B. Intentional Infliction of Emotional Distress
The trial court also found that the statements made to Terry by Community staff members arose out of the provision of medical professional services, and therefore, Terry’s IIED claim was in substance a claim for medical malpractice.
Terry alleges that the derogatory statements caused her emotional distress. She argues that the staff members’ decisions to refer to her as an “addict” and write “Happy Birthday” next to the physician’s note of possible vaginal trauma were not made within the *9 provision of medical services; not made to promote her health; not made with professional expertise, judgment, or skill; and not curative or salutary.
Although the Act does not specifically exclude intentional acts from the definition
of malpractice, Doe by Roe,
The statements made to Terry are different than the allegedly defamatory statements
we considered in Popovich. In Popovich, we applied the Act to a physician’s notes that
the patient was drunk and disruptive and had not been wearing a seatbelt when she was
involved in an accident that sent her to the hospital, because the statements were made for
the purpose of medical diagnosis.
We also held in Madison Ctr., Inc. v. R.R.K., that neither the occurrence of an injury
at a healthcare facility nor the existence of a patient-healthcare provider relationship is
dispositive.
Our decision in OB-GYN Assoc. of N. Indiana, P.C. v. Ransbottom, 885 N.E.2d 734 (Ind. Ct. App. 2008), trans. denied, is also instructive. In OB-GYN, we held that the Act was inapplicable to laser hair removal treatment even though it was provided by a registered nurse within an OB-GYN office; we reasoned that laser hair removal treatment could be and often was provided and administered by individuals without healthcare credentials, such as medical degrees, medical licensure, or medical certification. Id. at 739. The derogatory statements made by Community staff members could have been made by individuals without medical credentials, too. The statements were not intended to promote Terry’s health or provide curative or salutary treatment; nor were they made with the staff members’ professional expertise, judgment, or skill. See Howard Reg’l Health Sys., 952 N.E.2d at 186. Accordingly, Terry’s IIED claim is not a facade for medical malpractice.
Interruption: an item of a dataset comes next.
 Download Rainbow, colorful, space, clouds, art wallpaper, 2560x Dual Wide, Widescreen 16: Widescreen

We conclude that the Indiana legislature did not intend for the Act to apply to scenarios of this kind. Accordingly, we believe the trial court had subject matter jurisdiction over the IIED claim and erred in concluding otherwise.
Conclusion
Concluding that the trial court did not err in dismissing Terry’s breach of duty claim for lack of subject matter jurisdiction, we affirm that portion of its order. Concluding that the trial court did commit error in dismissing Terry’s IIED claim for lack of subject matter jurisdiction, however, we reverse the trial court’s dismissal of that claim and remand for *11 further proceedings.
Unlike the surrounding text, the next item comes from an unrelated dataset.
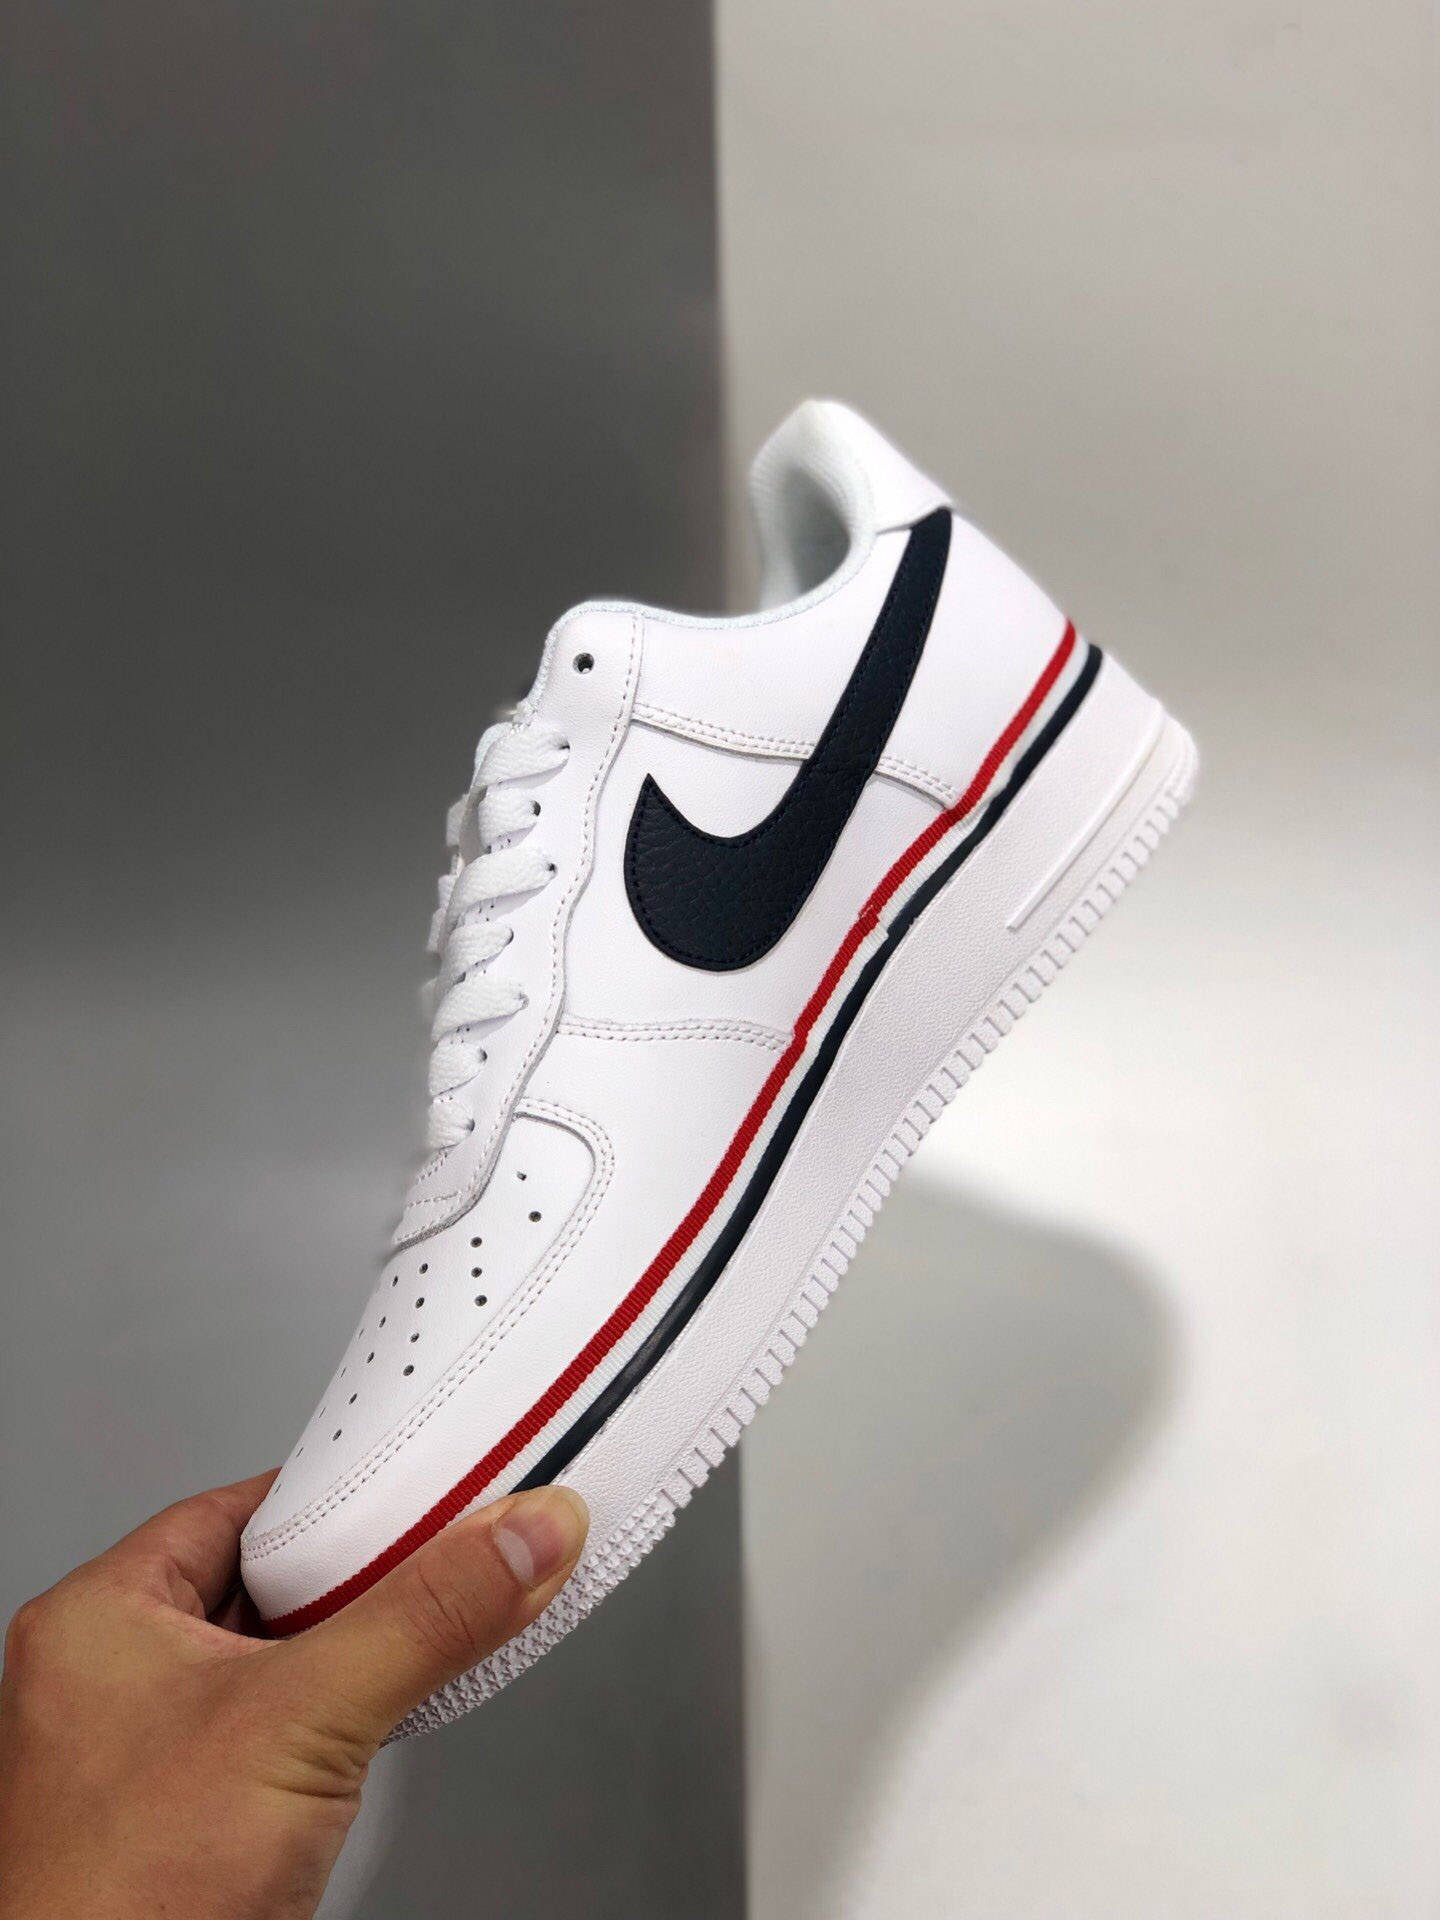 Nike Air Force 1 Low ‘Ribbon’ White Black CT1621-100 For Sale – Sneaker ...

Affirmed in part, and reversed and remanded in part.
BAKER, J., and KIRSCH, J., concur.
Notes
[1] We note that all facts are stated as alleged in the complaint and we merely assume they are true to decide a
question of law. See Doe by Roe v. Madison Ctr. Hosp.,
[2] Malpractice is a “tort or breach of contract based on health care or professional services that were provided, or that should have been provided, by a health care provider, to a patient.” Ind. Code § 34-18-2-18.
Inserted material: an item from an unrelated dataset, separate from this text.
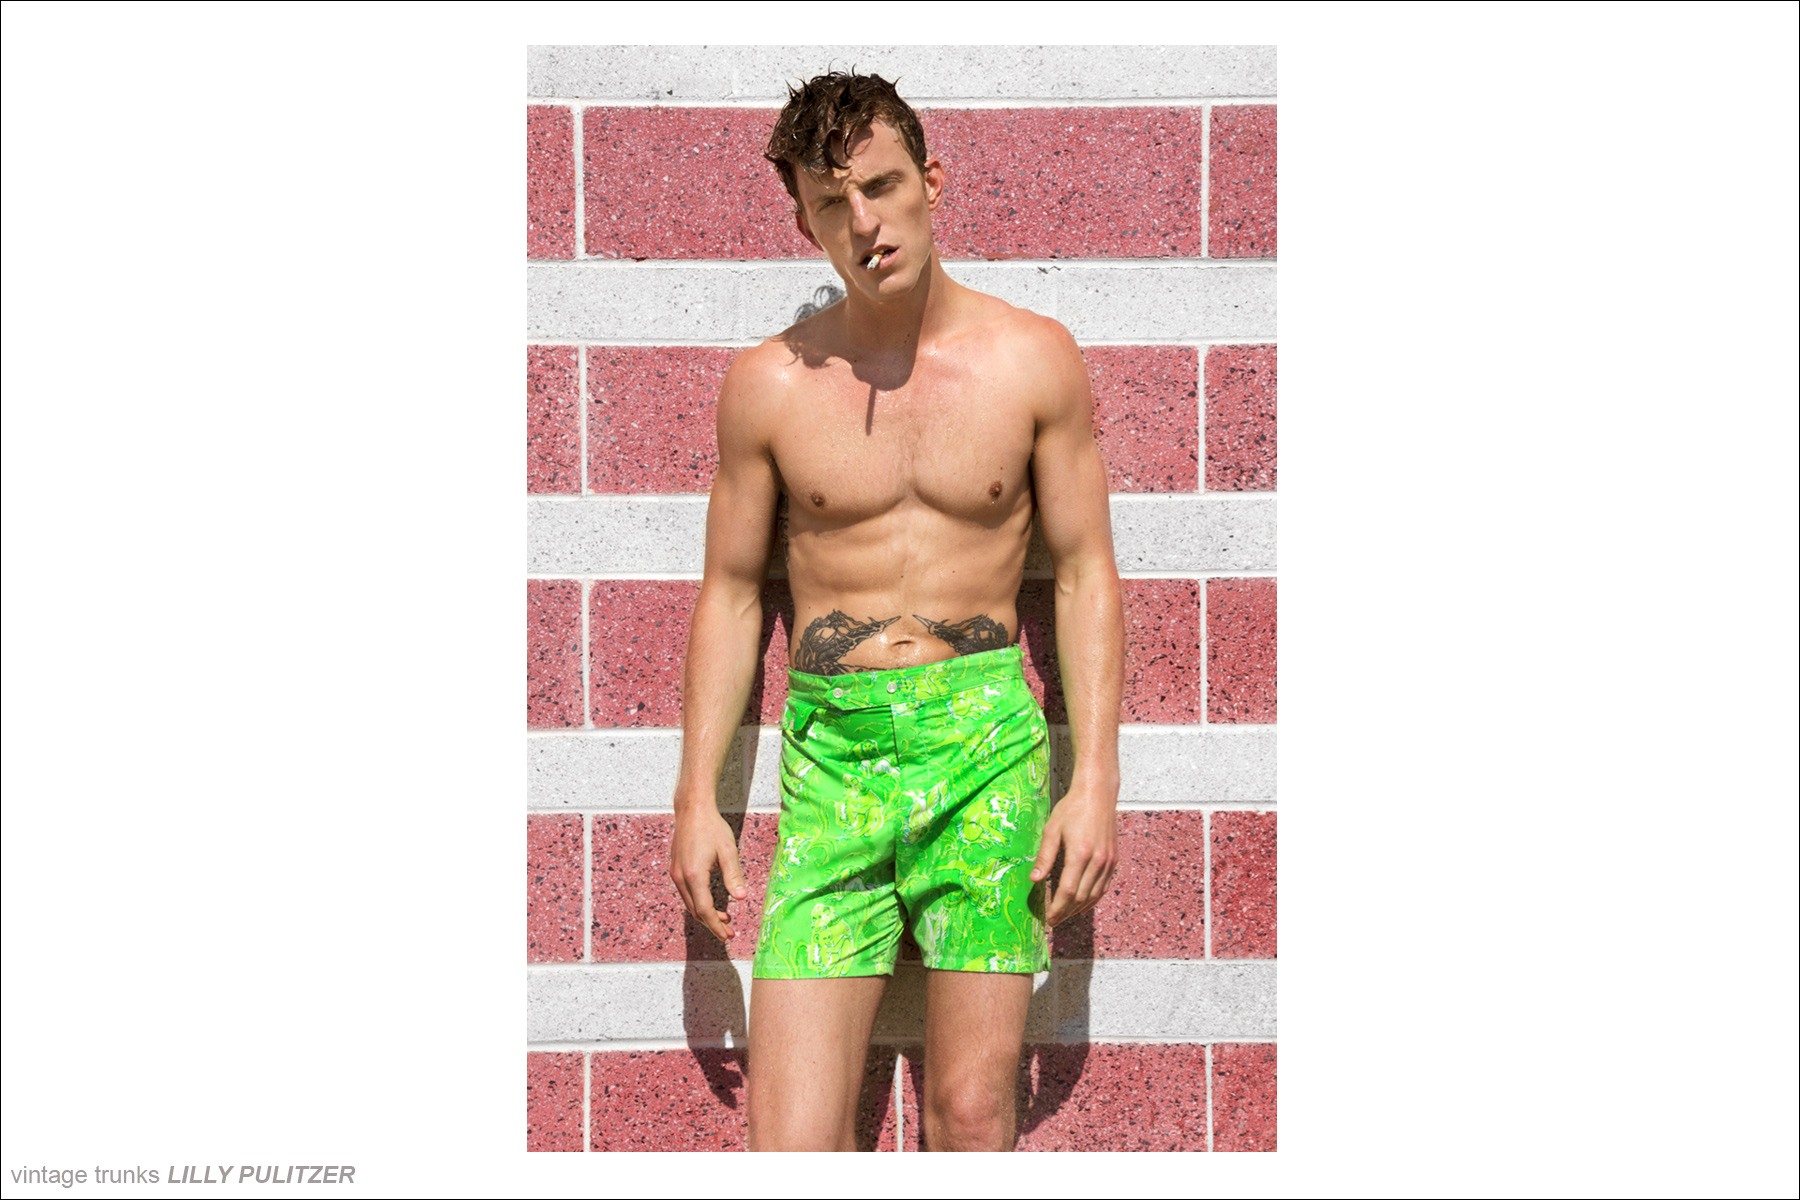 Men's vintage 1960's Lilly Pulitzer swim trunks, modeled by Brendon Beck for Ponyboy Magazine, photographed by Alexander Thompson.

[3] Terry’s theory that Community breached its duty by failing to report the possible rape to law enforcement derives from Indiana Code sections 12-10-3-2(a) and 12-10-3-9(a). Under those statutory provisions, a healthcare provider may be required to make a report if it has reason to believe the patient is an endangered adult.
[4] Terry’s theory that Community breached its duty to preserve evidence derives from Indiana Code section 35-44.1-2-2(a)(3), which makes it an obstruction of justice for a person to intentionally dispose of evidence used in an investigation.
[5] Terry also claims that Community breached its general duty of reasonable care.